Time Series Forecasting

We use time series forecasting to develope a model that can predict the future values of a time series based on previous data. The length of time into the future for which the forecast is prepared is called a forecast horizon.

If the values of either a time series or the function x(t) (where t = time) are numbers, then you're facing a regression task for the time series. If they are categories, it will be a classification task.

Using the initial data, we will create a training set and a test set. You can't mix the sets in time series forecasting, and the training set data must precede the test set data. Otherwise, model testing will be flawed: the model shouldn't be trained on future data after all. The train_test_split() function from the sklearn.model_selection module mixes data by default, so let's set the shuffle argument to False so the data can be separated correctly into training and test sets:


1import pandas as pd
2from sklearn.model_selection import train_test_split
3
4train, test = train_test_split(data, shuffle=False, test_size=0.2)

Forecast Accuracy

We'll be using the MAE metric to evaluate the models in our tasks because this metric is easily interpretable.

There are two ways to forecast time series without training:

All values of the test sample are predicted with the same number (a constant). For the MAE metric, this number is the median.
The new value x(t) is predicted by the previous value in the series, defined as x(t-1). This method is metric-independent.

Creating Features

1. Calendar features

Usually trends and seasonality are linked to a specific date. The datetime64 type in pandas already contains the necessary information, and all that remains is to present it as separate columns. Let's consider this example:


1# this feature contains years as numeric values
2data['year'] = data.index.year
3
4# this feature contains weekdays as numeric values
5data['dayofweek'] = data.index.dayofweek

2. Lag features

The previous values in the time series will tell you whether the function x(t) will grow or decrease.
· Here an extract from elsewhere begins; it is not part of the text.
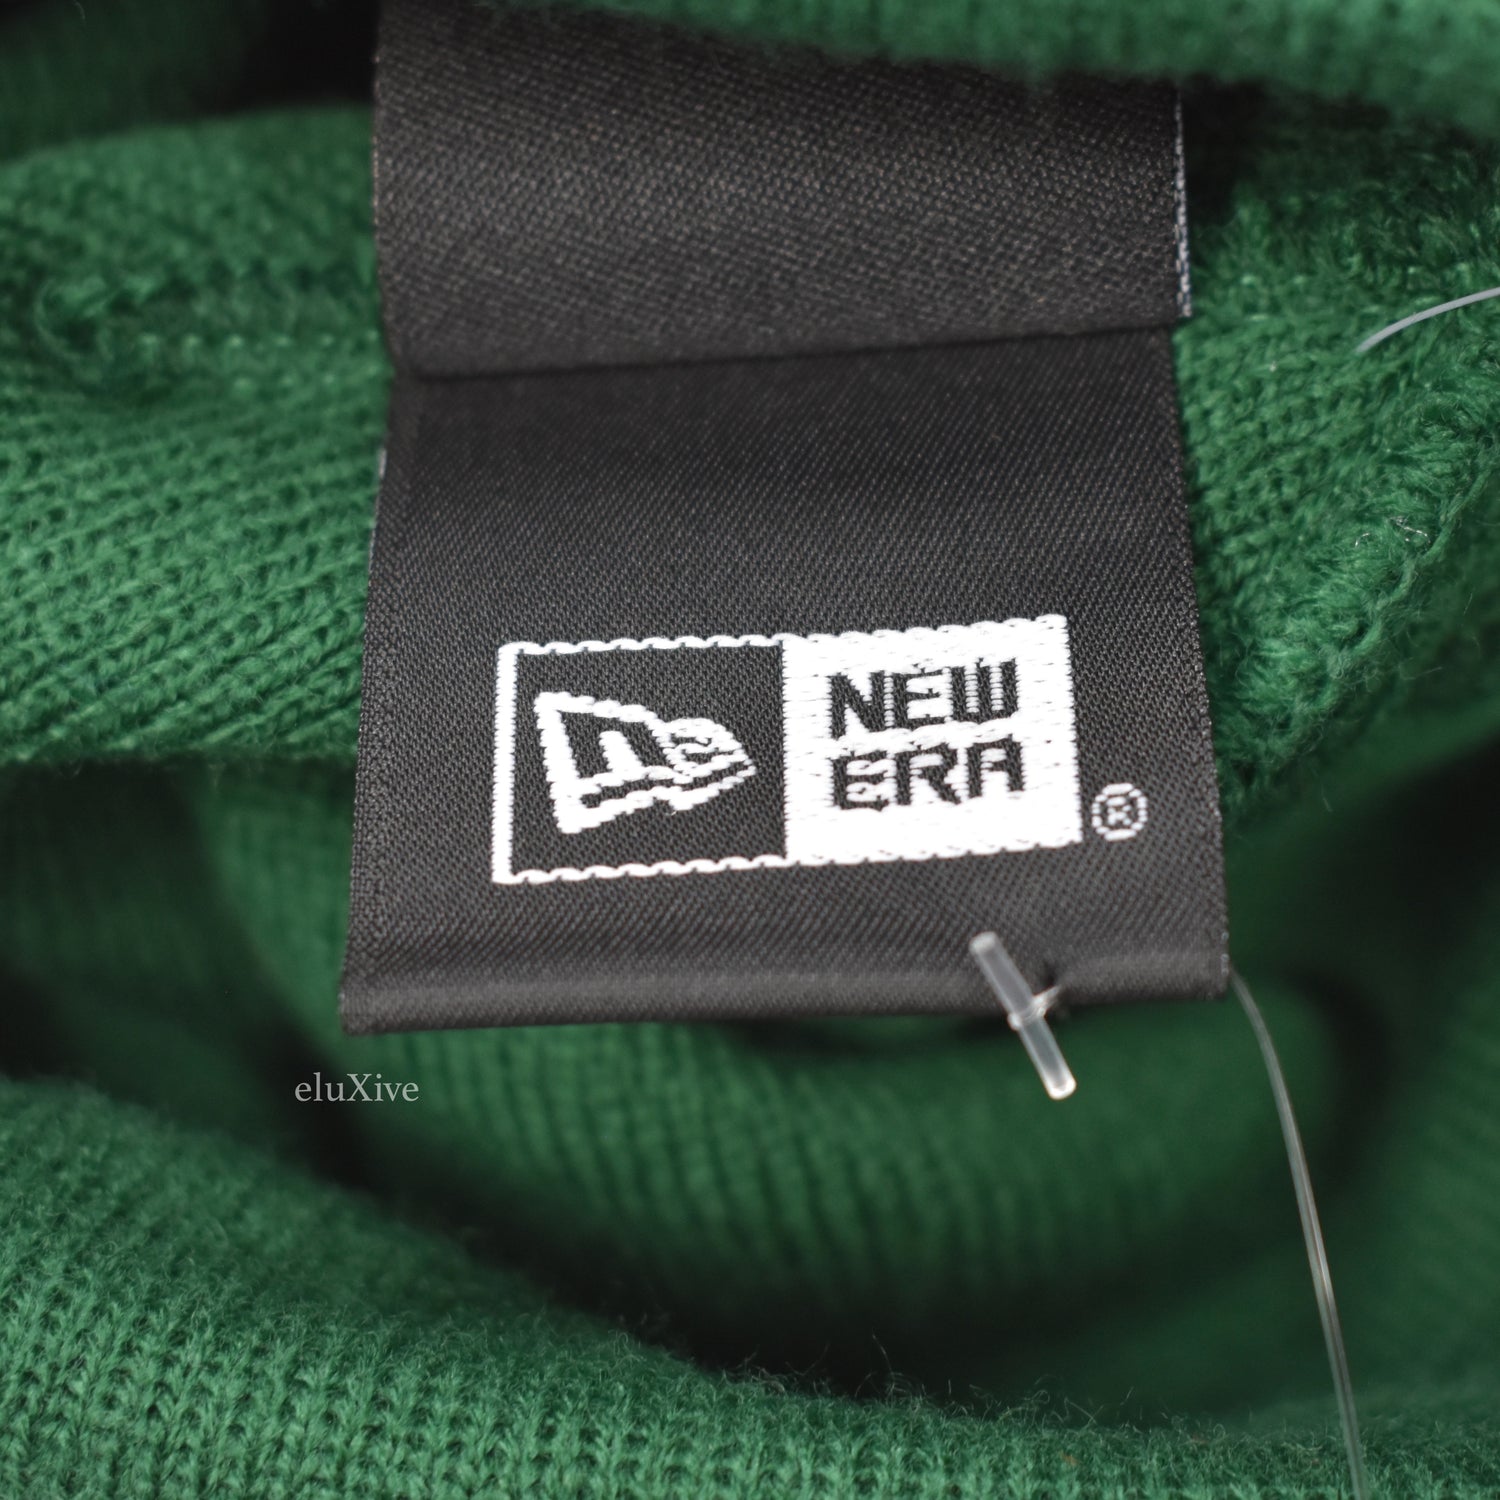 Supreme x New Era Box Logo Beanie - Green

Let's get the lag values using the shift() function:


1data['lag_1'] = data['target'].shift(1)
2data['lag_2'] = data['target'].shift(2)
3data['lag_3'] = data['target'].shift(3)

Not all lag values are available for the first dates, so these lines contain NaN.

3. Rolling mean

The rolling mean feature sets the general trend of the time series. Here's a reminder of how to calculate it:


1data['rolling_mean'] = data['target'].rolling(5).mean()

The rolling mean at t takes into account the current value of the x(t) series. This is incorrect: target "slipped" into the features. The rolling mean calculation should not include the current value of the series.